● Prompt:
Reproduce from the records below, with no pictures, exactly the lines between the one containing "HAMA CD-Laser-Reinigungsdisk, mit" and the one containing "Phone repair, Laptop", inclusive.

● Supplied records:
================
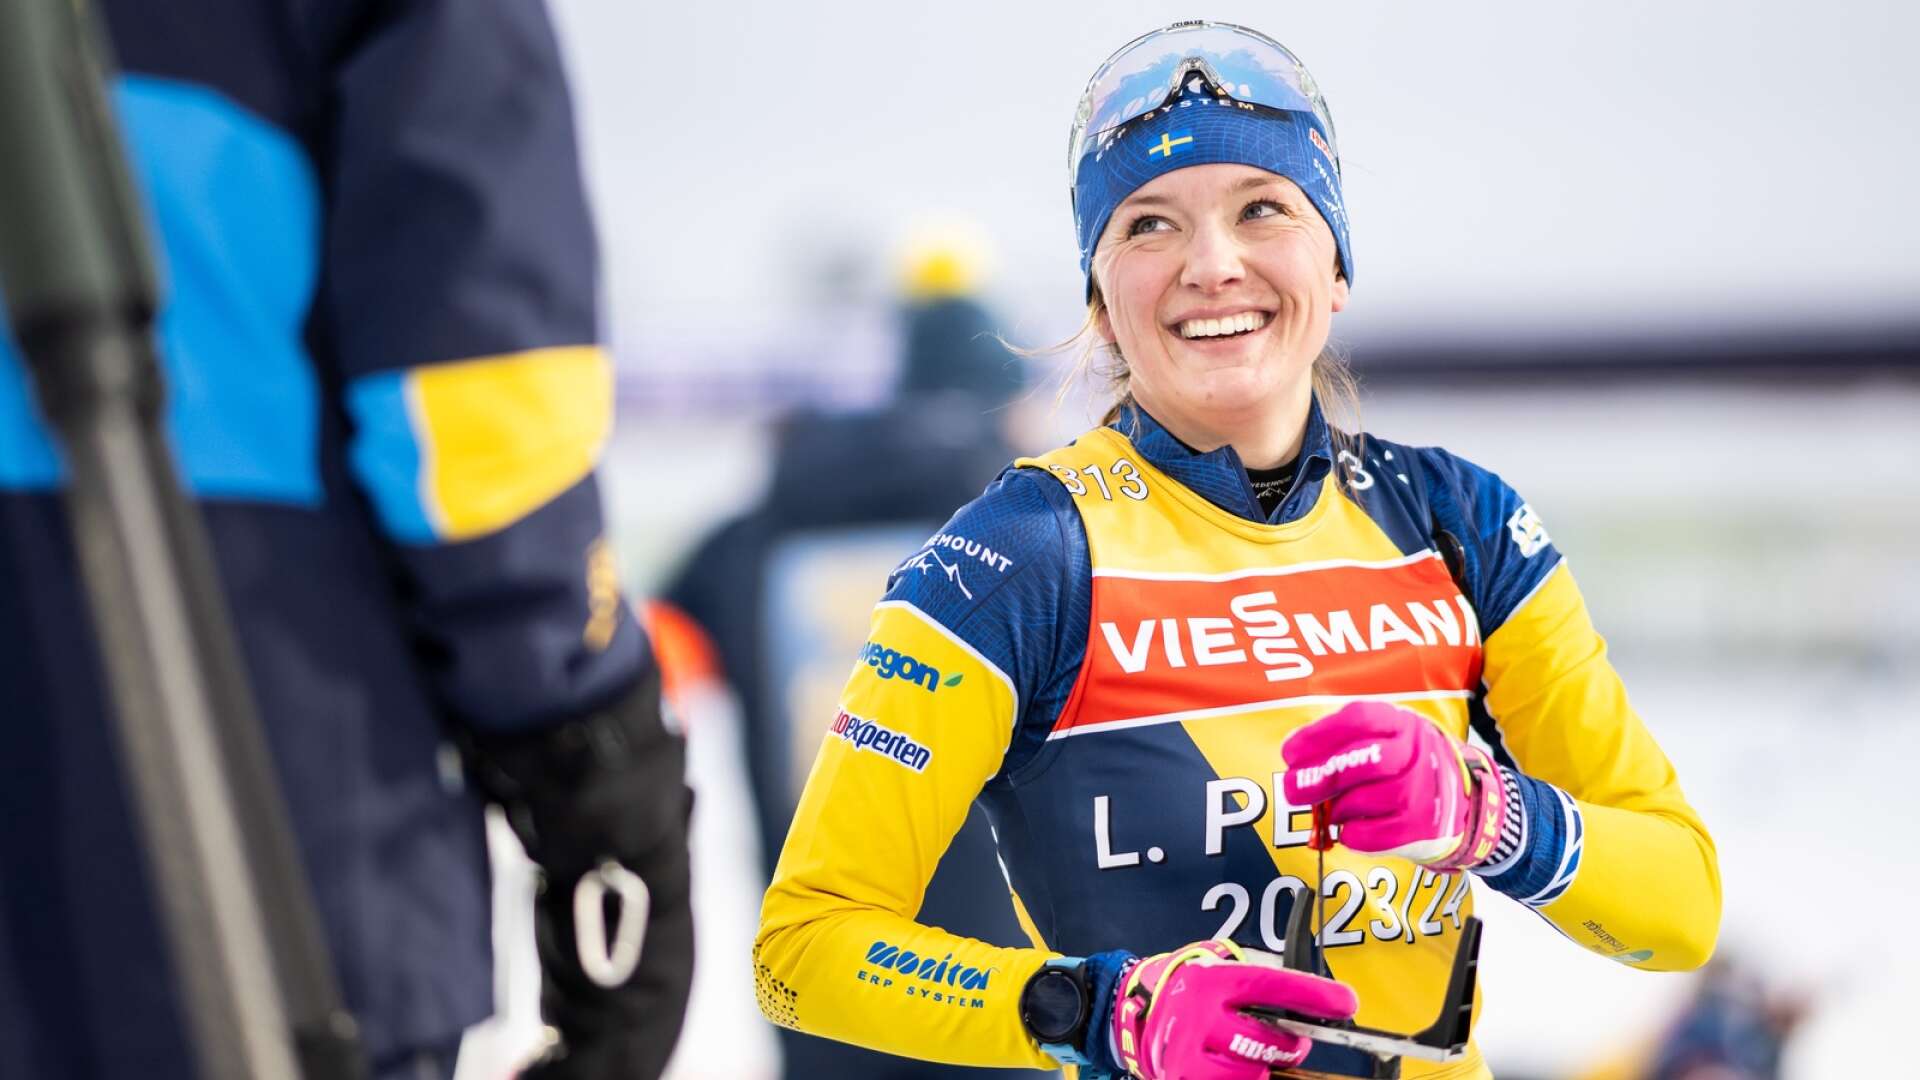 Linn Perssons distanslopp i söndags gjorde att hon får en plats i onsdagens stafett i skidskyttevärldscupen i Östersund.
================
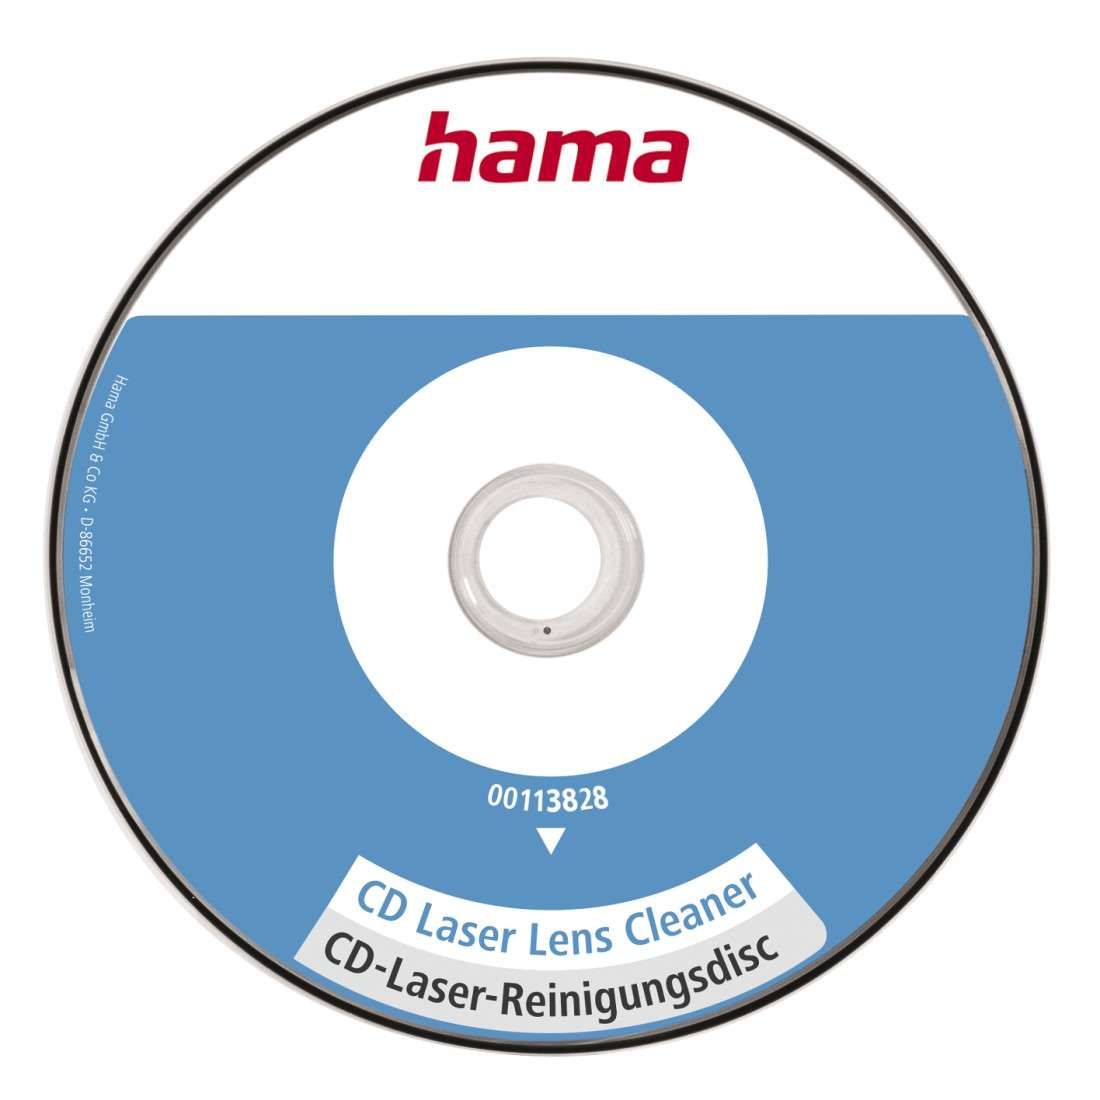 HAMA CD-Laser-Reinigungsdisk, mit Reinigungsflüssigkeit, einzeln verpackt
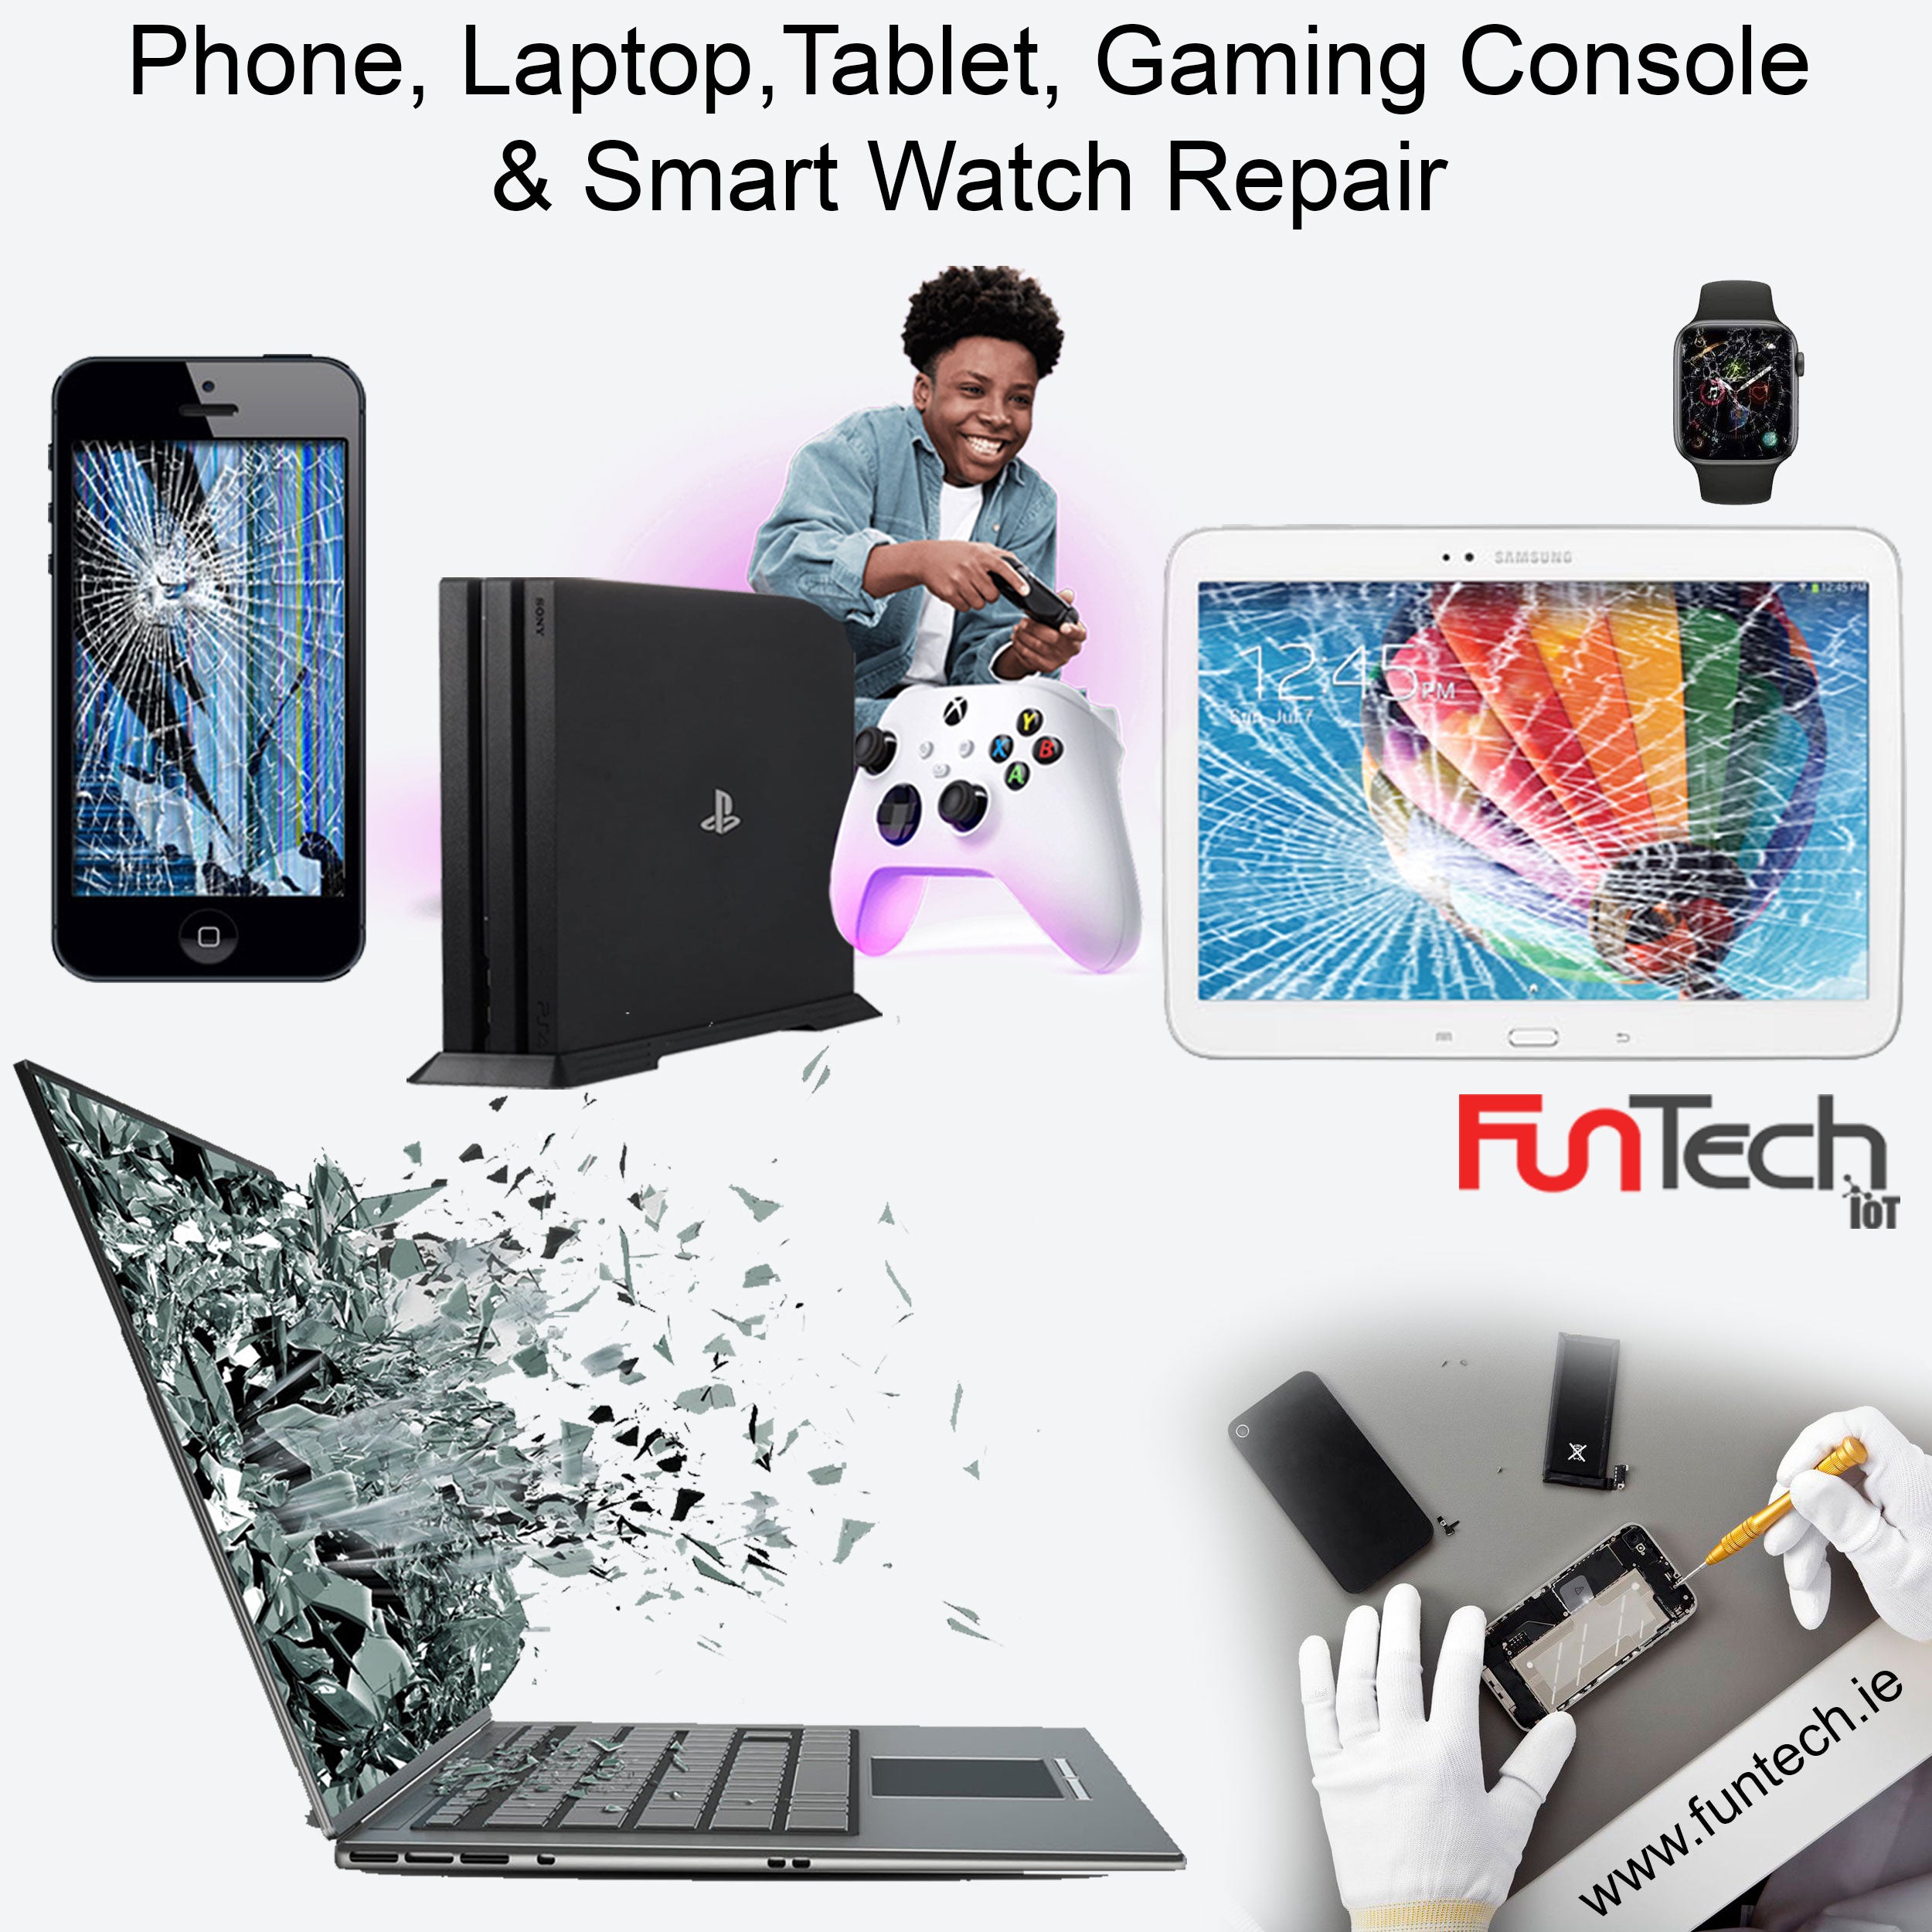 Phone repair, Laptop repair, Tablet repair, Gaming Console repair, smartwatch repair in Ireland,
================
● Answer section:
 HAMA CD-Laser-Reinigungsdisk, mit Reinigungsflüssigkeit, einzeln verpackt
 Phone repair, Laptop repair, Tablet repair, Gaming Console repair, smartwatch repair in Ireland,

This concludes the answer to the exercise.